Afijn, tot ieders opluchting werd het kind vlot geboren. Het werd in doeken gewikkeld, maar vervolgens stonden de nonnetjes een beetje besluiteloos om zich heen te kijken.
"Is hier niet eens een behoorlijke wieg?" vroeg Maria kribbig. Nee dus. Dan maar in het biechthok, daar was het minder tochtig.
Yoessef en Maria besloten hun kind Jezus te noemen. Dat had z'n vader zo gewild, verklaarde Maria. Yoessef trok verbaasd zijn wenkbrauwen op: hij wist van niks! Maar hij werd wel vaker ergens buiten gehouden, had hij het idee.
Hij wilde net protesteren toen de Geboortekerk plotseling in een fel licht baadde. Het roodachtig schijnsel viel door de hoge ramen. De Israëliërs hadden een lichtkogel afgeschoten.
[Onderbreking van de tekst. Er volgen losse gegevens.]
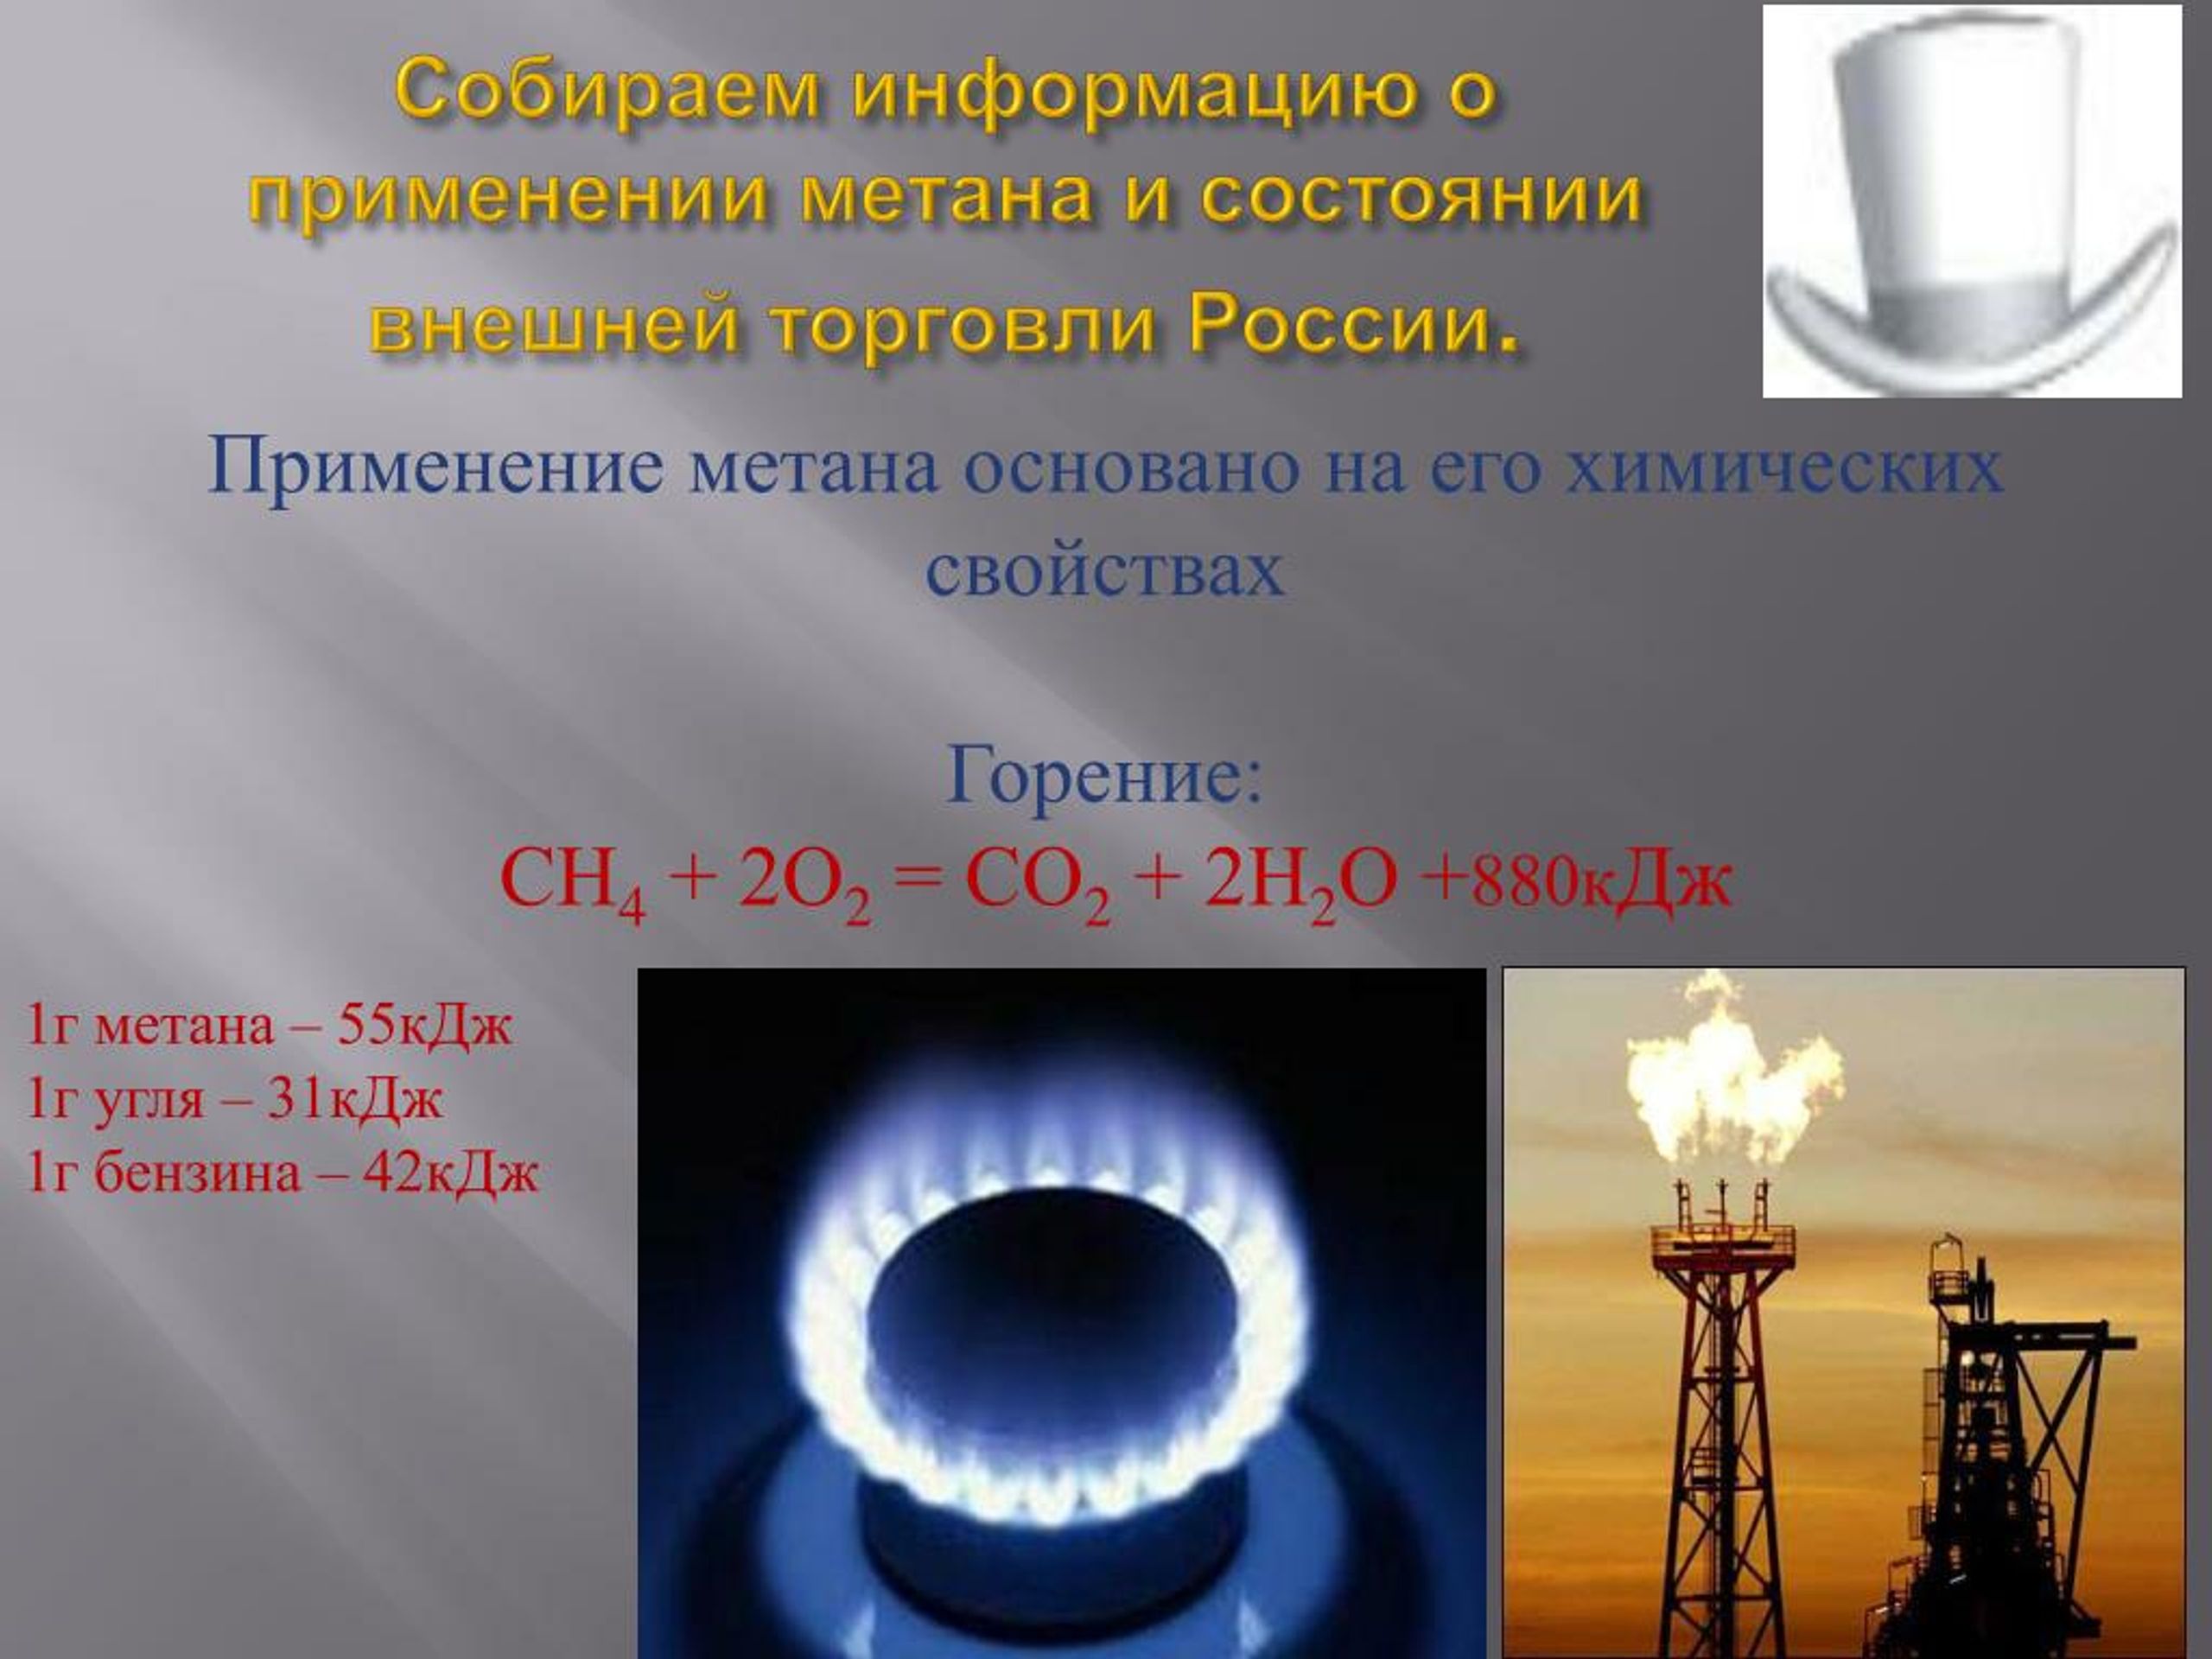 Полное сжигание метана

Tanks en pantserwagens rolden Bethlehem binnen. Vader Marquez zuchtte, sloeg een kruis en kreeg opnieuw het gevoel van déjà vu dat de hele avond al in zijn geest rondspookte.
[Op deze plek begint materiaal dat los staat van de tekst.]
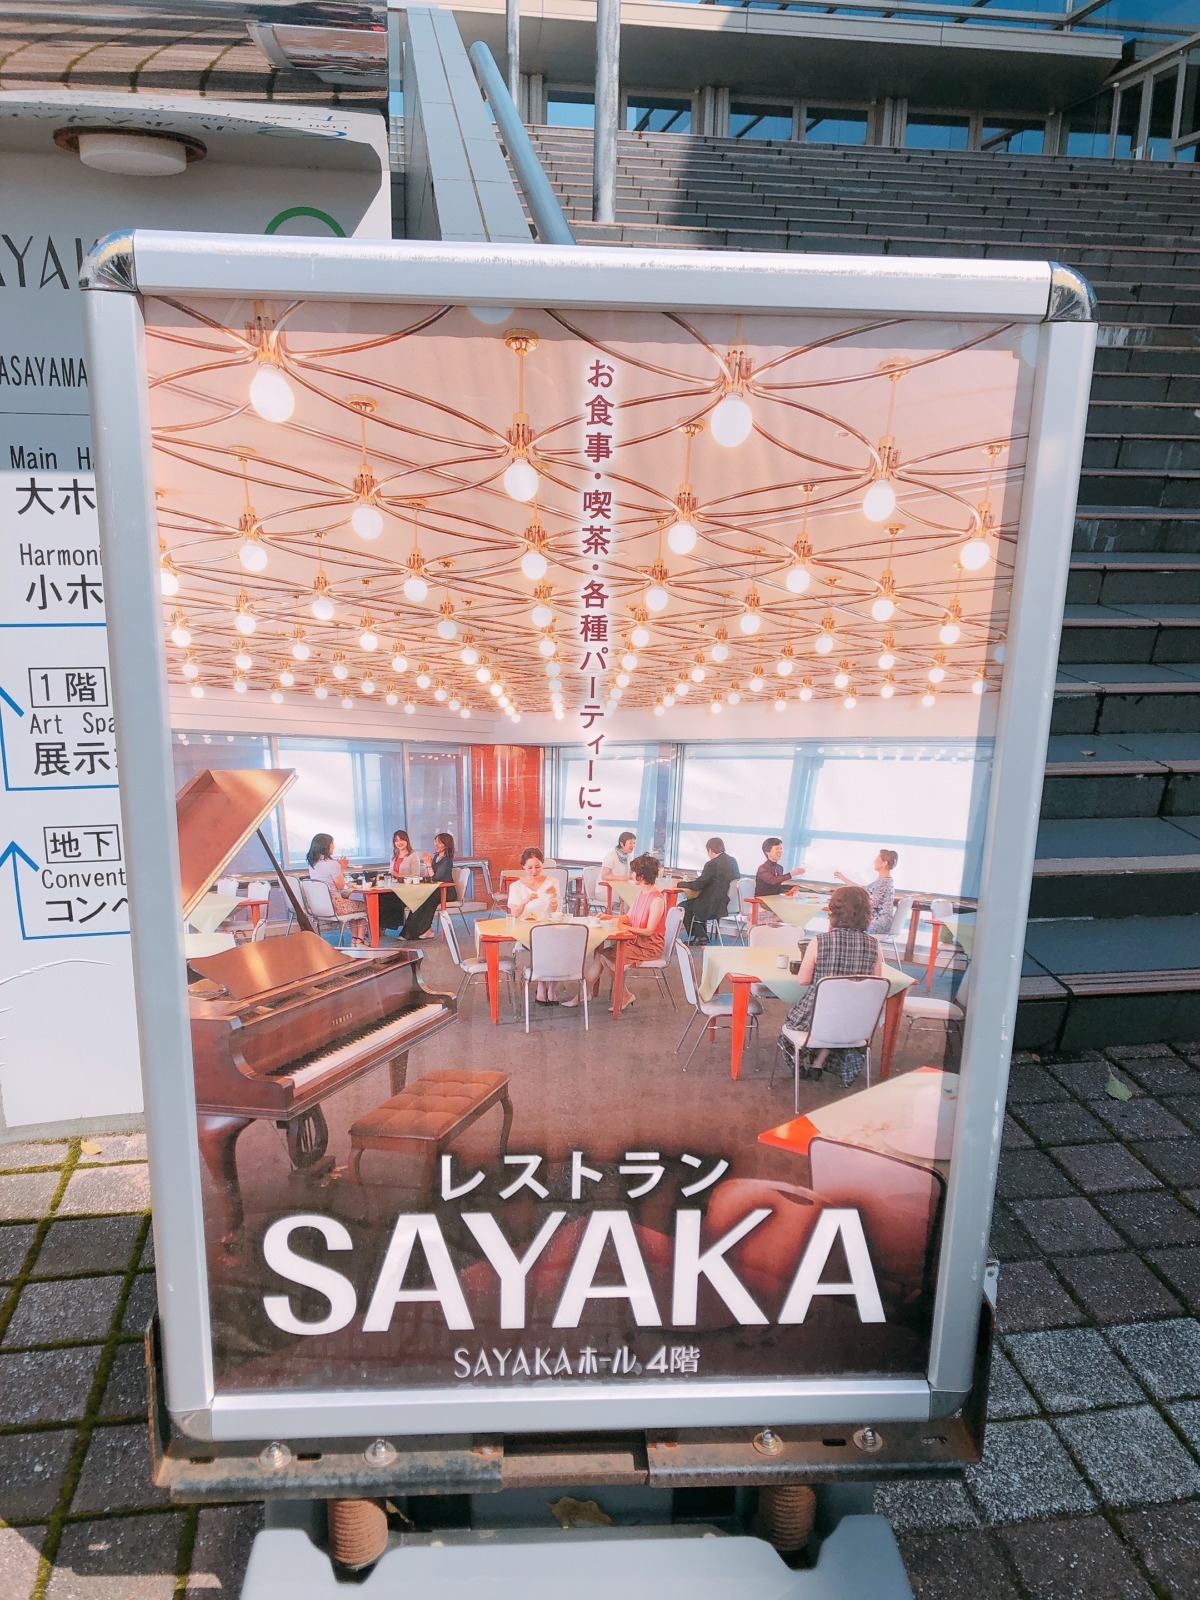 21 3 31 水 閉店 大阪狭山市 Sayakaホール内にある レストランsayaka が閉店するみたい さかにゅー

In het velden buiten Bethlehem zat een stelletje herders te vloeken en te tieren. Enkele onverlaten hadden zomaar midden in de winter stiekem hun schapen geschoren en opgewonden speculeerden ze over wie hun dat kunstje had geflikt. Plotseling wees een van de herders naar het firmament. Boven Betlehem verrees een felrode ster! Christus-nog-an-toe! Zoiets zagen ze niet elke nacht! Vuurwerk! Over hun sandalen struikelend renden ze in de richting van de stad. Ze waren nog steeds flink opgefokt door de hen ontstolen schapenvellen. Aangekomen in het centrum koelden ze hun woede op de eerste de beste tank die hen voor de voeten reed. Al spoedig liet ook de rest van de bevolking zich niet onbetuigd. Enkele herders raakten in het nauw en vluchtten de Geboortekerk binnen. Tot hun verbijstering ontwaarden ze daar de vermiste schaapskleren. Als vader Marquez op dat moment niet streng had ingegrepen was het ook daarbinnen nog op een kloppartij uitgedraaid. Handig wist hij echter hun aller aandacht af te leiden naar het kindeke Jezus. Vertederd knielden ze bij moeder en kind neder. Buiten echter nam het strijdgewoel in heftigheid toe.

En opnieuw geschiedde het in die dagen dat in Bethlehem weer flink werd gevochten. Yoessef boog zich bedroefd over zijn pasgeboren zoon en zuchtte: "Jezus, houdt het dan nóóit op?"